1982 : Les Amo : recueil de poèmes Ndam et Raynier, Yaoundé ;

1983 : Manuel pratique de rédaction administrative et des documents diplomatiques, éditions SOPECAM, Yaoundé, Cameroun

En 2014, Adamou Ndam Njoya a été Président du Jury des Grands prix des associations littéraires.

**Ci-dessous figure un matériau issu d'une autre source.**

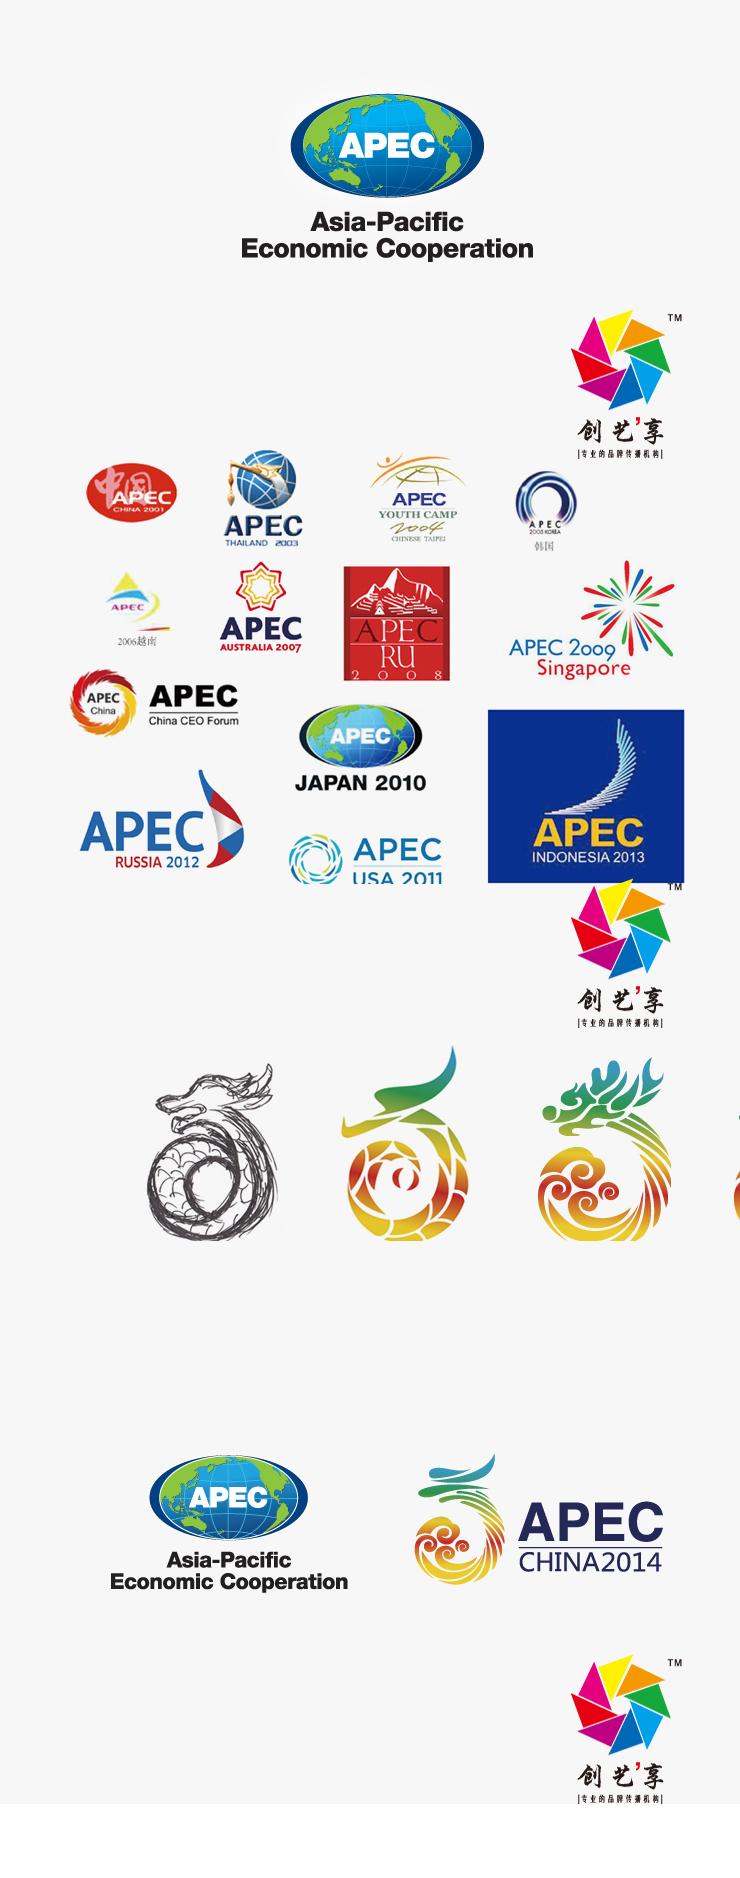 南京会标设计,南京徽标设计公司,南京标志设计

Adamou Ndam Njoya a été aussi jusqu’à son décès

coprésident de la WCRP (Conférence Mondiale des Religions pour la Paix)/International et Président du Chapitre Camerounais ;

fondateur et président de l’Institut des études islamiques et religieuses (IRSI) et de l’École africaine d’Éthique (EAE) ;

président de l’Union Démocratique du Cameroun (UDC) ;

maire de Foumban ;

membre du Conseil d’Administration du Réseau parlementaire sur la Banque mondiale ;

fondateur et directeur de publication des revues culturelles: A1 Houda, Communauté, Le Terroir et promoteur de la radio communautaire (poua kone).